Apple to acquire popular photo editing app Pixelmator
Pixelmator Pro features could easily be integrated into Apple Intelligence in the future
📷 Apple is buying Pixelmator, a popular photo editing software suite
📱 Pixelmator: “No material changes” coming to its Mac and iOS apps at this time
✏️ The company’s software competes with Adobe editing tools
💰 It offers professional-grade photo editing & retouching tools for a one-time fee
⚖️ The acquisition still has to be approved by regulators
Apple wants to have a hand in tweaking your photos to perfection and plans to buy Pixelmator, according to a statement by the photo-editing app maker. The company, which started in 2007, has long competed in the somewhat crowded field of photo editing tools against Adobe’s more well-known software tools. One of the most significant differences is that as Adobe has been pushing Creative Cloud users to a subscription model for a while now, Pixelmator’s tools are still available as a one-time purchase (Pixelmator Pro is $49.99 on the Mac App store).
Pixelmator makes both a photo editing app, Photomator, and a broader image editing tool that can also be used to create graphic designs called Pixelmator Pro. Apple had its own professional-grade photo editing tool called Aperture for macOS, along with the much more basic iPhoto app, for several years before ending support for both in 2014. Apple redesigned its Photos app for macOS and iOS, and avoided launching a dedicated graphic design tool.
For the past decade, Apple has been content to update the Photos app with more general photo editing features. It’s still a far cry from being a professional-level photo editing tool. That may be about to change with this acquisition.
What will Apple do with Pixelmator?
Honestly, there are a few different ways this could go. First, Apple could just slowly integrate Pixelmator’s features into the Photos app and eventually kill off Pixelmator altogether - something it did with the popular weather app Dark Sky in 2022.
Second, Apple could bring back Aperture, or some version of it, as a standalone professional photo editing app with most (or all) of Pixelmator’s features included. They already offer professional video and audio editing apps (Final Cut Pro X and Logic Pro X, respectively), so this isn’t as far-fetched as it might seem.
Third, and the most likely option, is that many of Pixelmator’s features (Photomator specifically) will start to show up in Apple Intelligence as some new “magical” or “revolutionary” AI-powered editing tools. If the iPhone 16 Pro launch showed us anything, it’s that Apple is also betting a whole lot on the future of AI in its devices.

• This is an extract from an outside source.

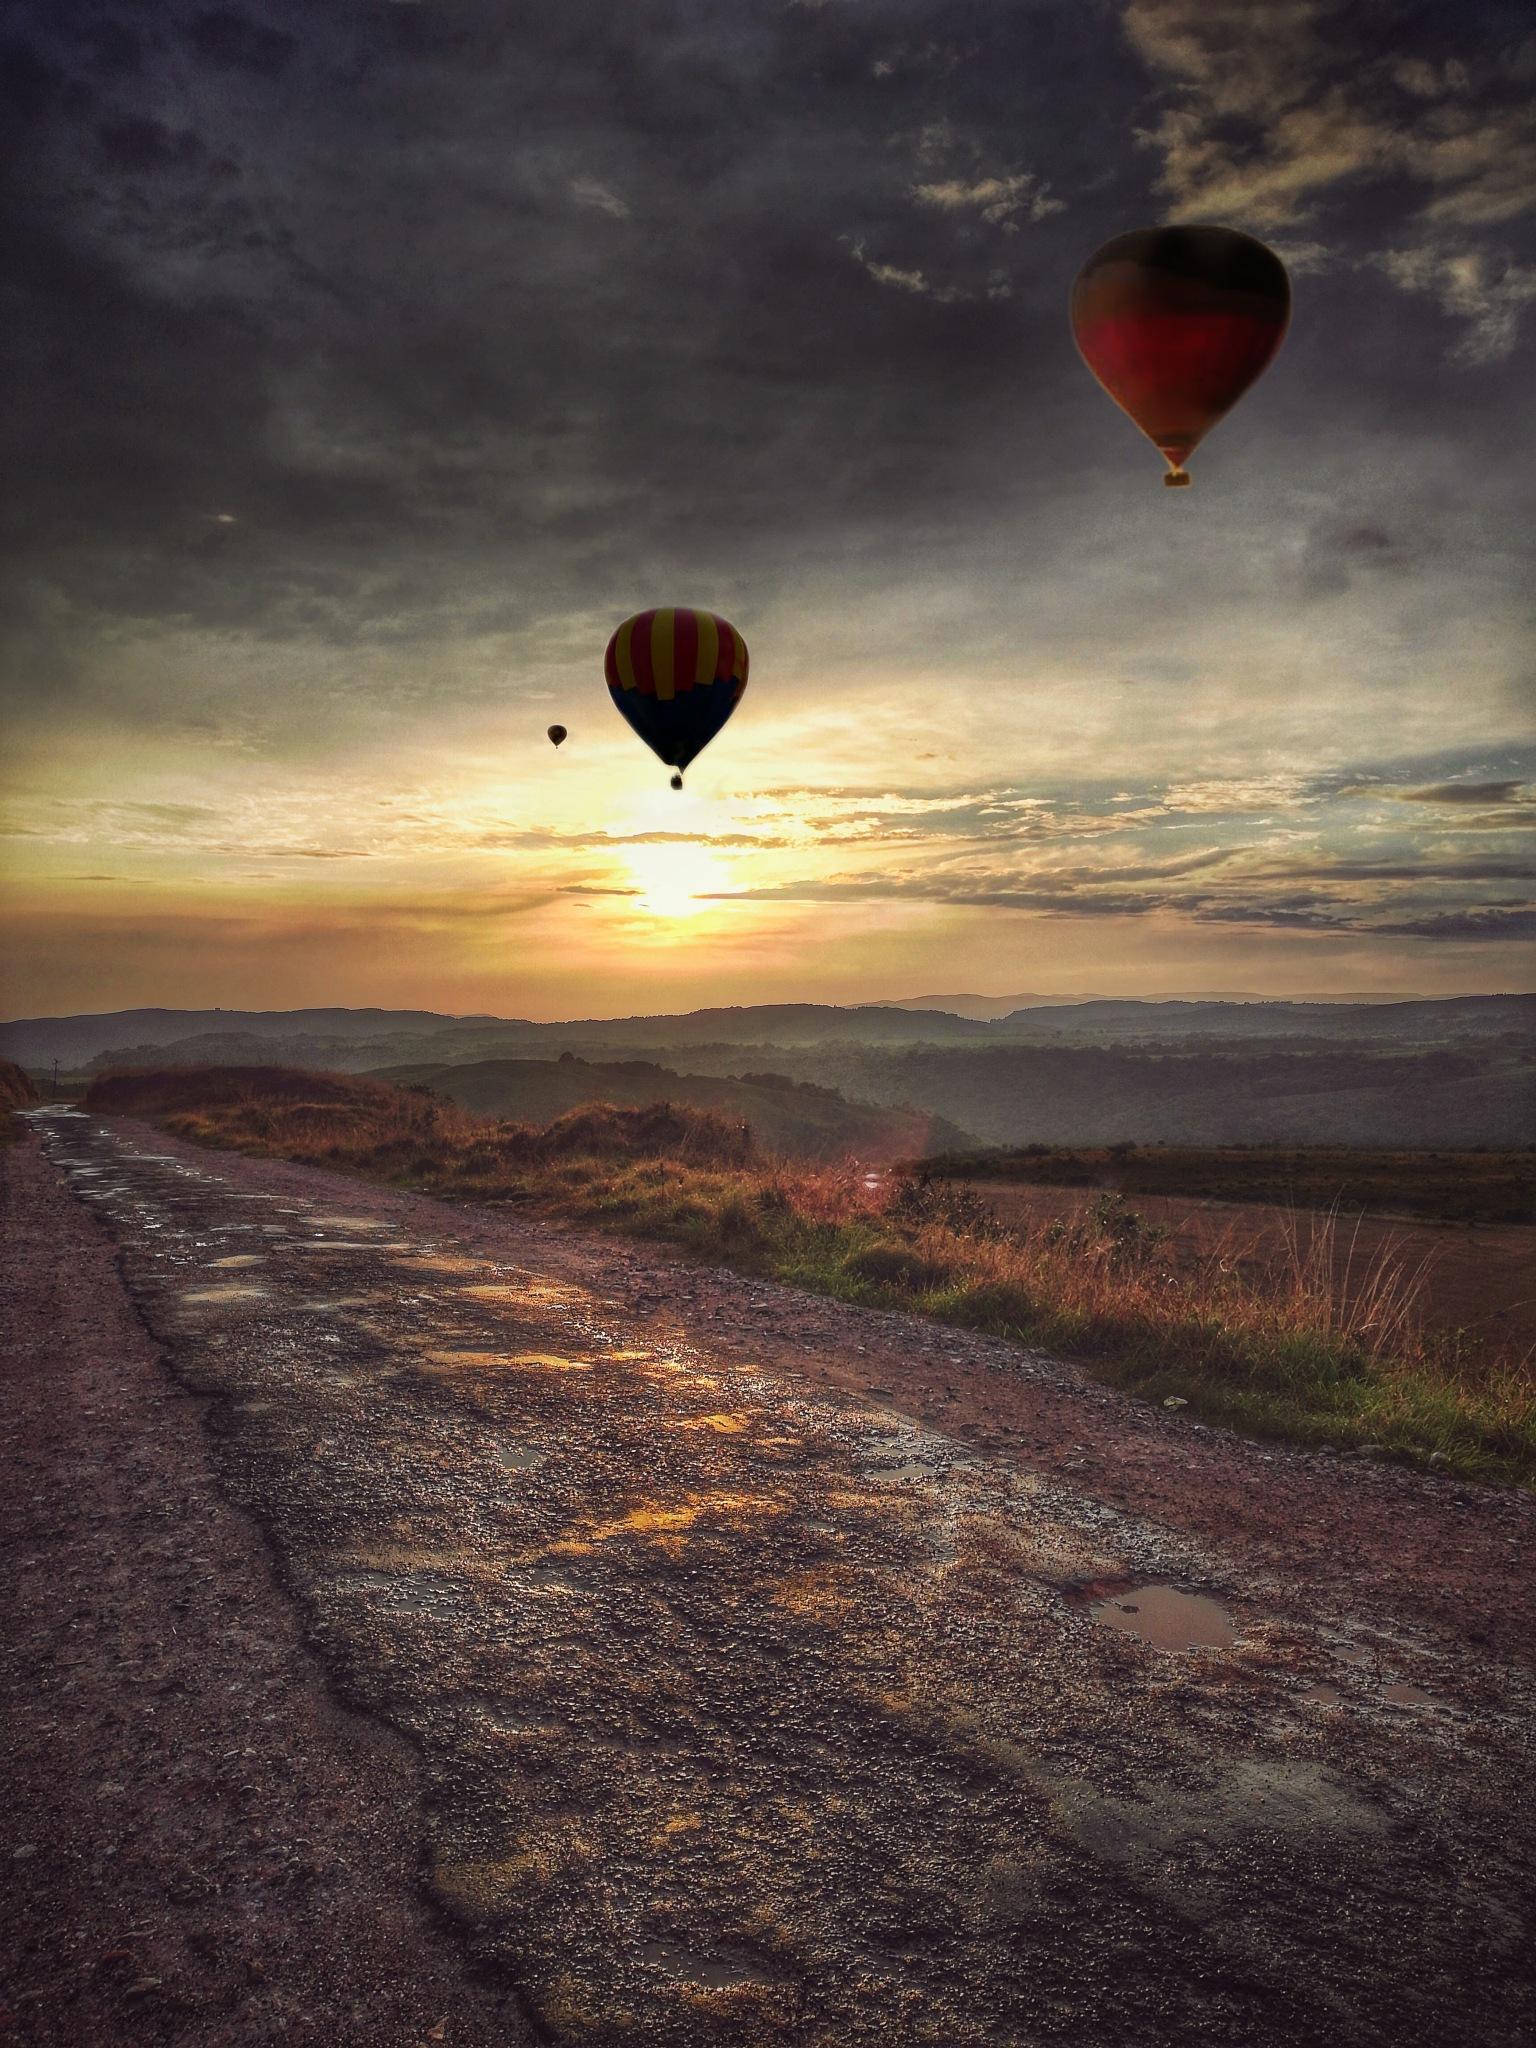 Hot air balloon by Kangkan Kakati

Of course, the Pixelmator acquisition talks were likely happening before the iPhone 16 launch, but Apple’s been working on Apple Intelligence for a few years now. It’s quite possible at least some of Pixelmator’s features will end up powering AI-driven photo generation and editing tools to compete with such offerings from Google, Adobe, Meta and OpenAI (DALL·E 3, Adobe Firefly, etc.) That’s assuming Apple’s Pixelmator acquisition passes muster with government regulators.